Back to Homer, Burns’ introduction to the story is a pretty great escalation (“You want to join my what?” / “You want to what his team?”). It’s an interesting twist on Burns’ infinitely evil/old/rich paradigm, because now he’s being played as a sad old man sitting alone at the top of a pyramid, too evil to have any actual friends, too infirm to be of any actual use to anyone, and too rich to say no to. I find myself pitying Burns as he innocently fails to realise how badly he’s dragging the team down. One of the little sources of comfort the show offers is that the sharks that drive the horrors of the world forward don’t get to feel that sense of spiritual fulfilment, and one of the major points of despair is that they’re too stupid or evil to care; this is a rare moment of a monster coming close to realising what he’s missing out on, which makes him sympathetic, and it’s genuinely moving when he presents the Pin Pals with proper uniforms (ironic that something terrible in one plot is heartwarming in the other). His shift back to evil after they win seems kind of arbitrary in a sitcom way (though as he points out, it’s not exactly out of character for him), but it leads to the Pin Pals coming together in a real heartwarming moment as they realise it was just about having fun together. Though, as per the series’ idiom, it’s immediately subverted with dogs ripping Homer apart.

Chalkboard Gag: I am not certified to remove asbestos.
Couch Gag: After the family sits, we zoom in to a hole in the wall to see a family of mice sitting at their own couch.

This episode was written by Mike Scully and directed by Mark Kirkland. Say what you will about Scully as a producer, this is an incredibly quotable episode; it generates so many great, offbeat quotes. The episode was inspired by Scully’s bowling hobby, and by his childrens’ school wanting to introduce uniforms. Kirkland went out of his way to top “Life In The Fast Lane” by going all-out with the look of the alley. When the episode was finished, the staff all received custom bowling balls, bowling bags, and Pin Pals shirts as gifts. Doris Grau, voice of Lunchlady Doris, passed away shortly after this episode was made, and this episode included a dedication to her.

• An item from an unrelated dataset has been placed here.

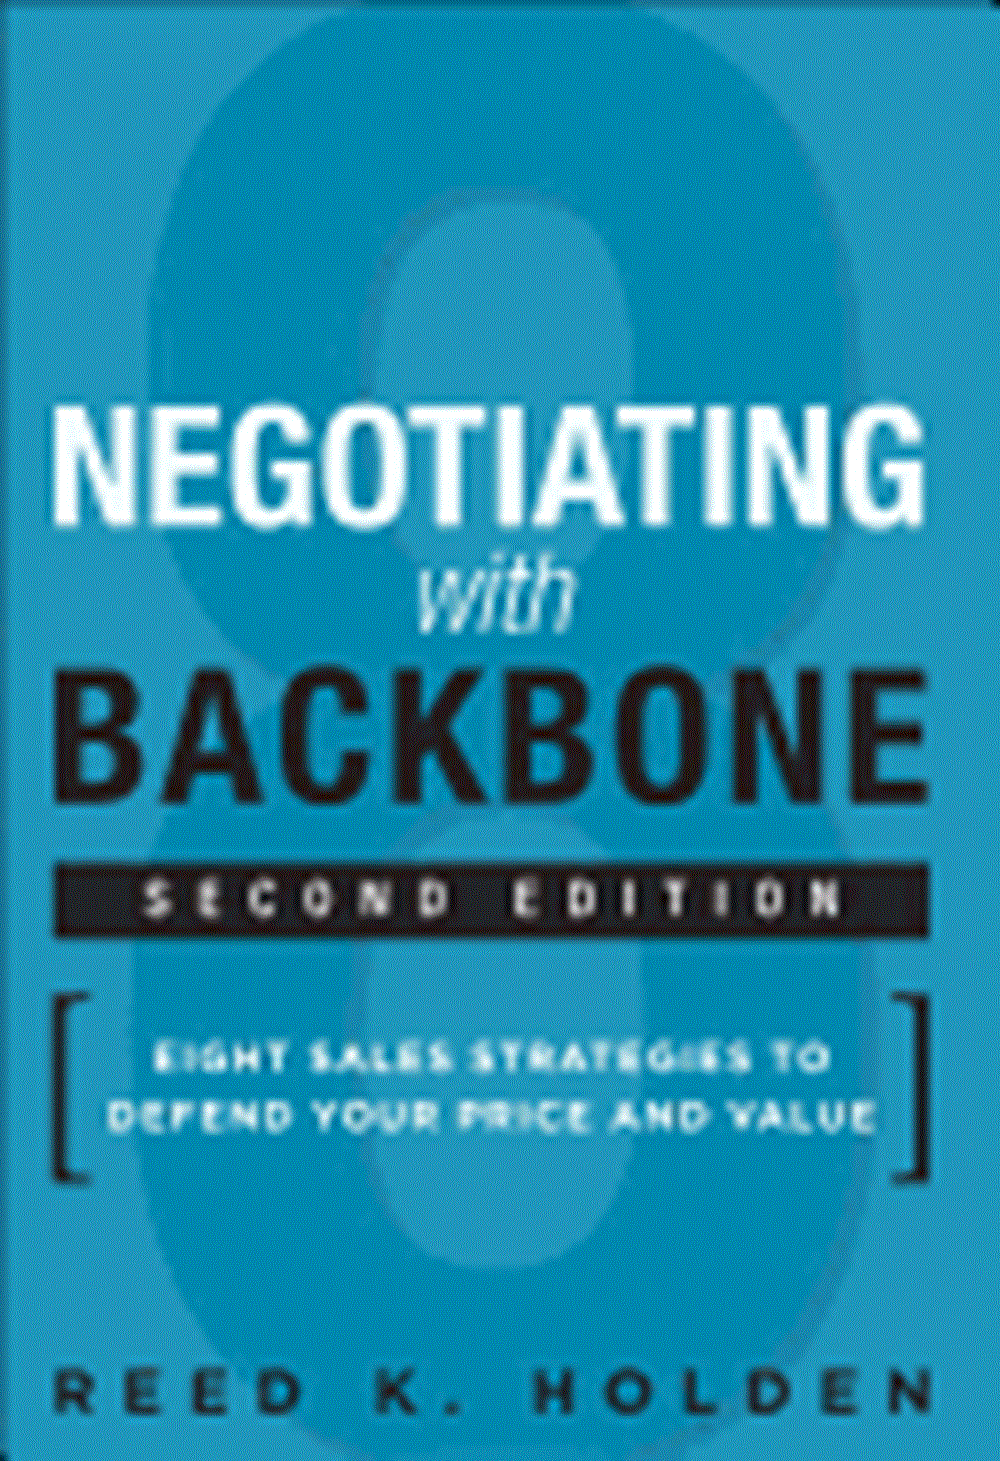 Negotiating with Backbone: Eight Sales Strategies to Defend Your Price and Value (Revised)

The other great thing about this episode is how it uses the massive world of Springfield, grouping characters by theme. My favourite is the Homewreckers. There’s a very Conan O’Brien-esque gag when the kids tip over a desk and it immediately catches alight for no reason. I’ll be honest, I actually like the berets. I absolutely love Hank Azaria’s delivery of “Ow, ow, OW, ow!”

Originally, Homer’s stolen Academy Award belonged to Haing S Ngoir, but he was murdered inbetween production and the original broadcast, and the producers didn’t want to imply that Homer had killed Ngoir for his Oscar. The syndicated and DVD versions replace him with Don Ameche. The school plot is kicked off by Bart using an iron-on from Mad Magazine. The final bowling scene references the final golfing scene of Caddyshack. Homer drops a reference to “Mr Roboto” by Styx. Moe’s attempt to assault Mr Burns is a reference to Shane Stant’s assault of figure skater Nancy Kerrigan.

Iconic Moments: 4. “Boy, they’re really socking it to that Spiro Agnew guy again. He must work there or something.” | “You go through life, you try to be nice to people, you struggle to resist the urge to punch ‘em in the face, and for what?” | “I’m better than dirt! Well, not that fancy store-bought dirt. That stuff’s loaded with nutrients, I can’t compete with that.” | “Gotta go, my damn weiner kids are listening.”
Biggest Laugh: I could break down every little nuance of what makes this so brilliant – in the monologue itself, in the direction, and in Harry Shearer’s performance, but it would feel to me like breaking down the act of sex – there’s so much happening so fast that it becomes exhilarating. I will limit myself to one observation per element: the magnificent zigging instead of zagging with “Came close to madness”, the slow zoom-in that kicks in towards the end, and Shearer pounding on the words in “just–can’t–get–the spices right”. This is where the show has truly influenced my sense of humour. This is what happens when you commit to a bit.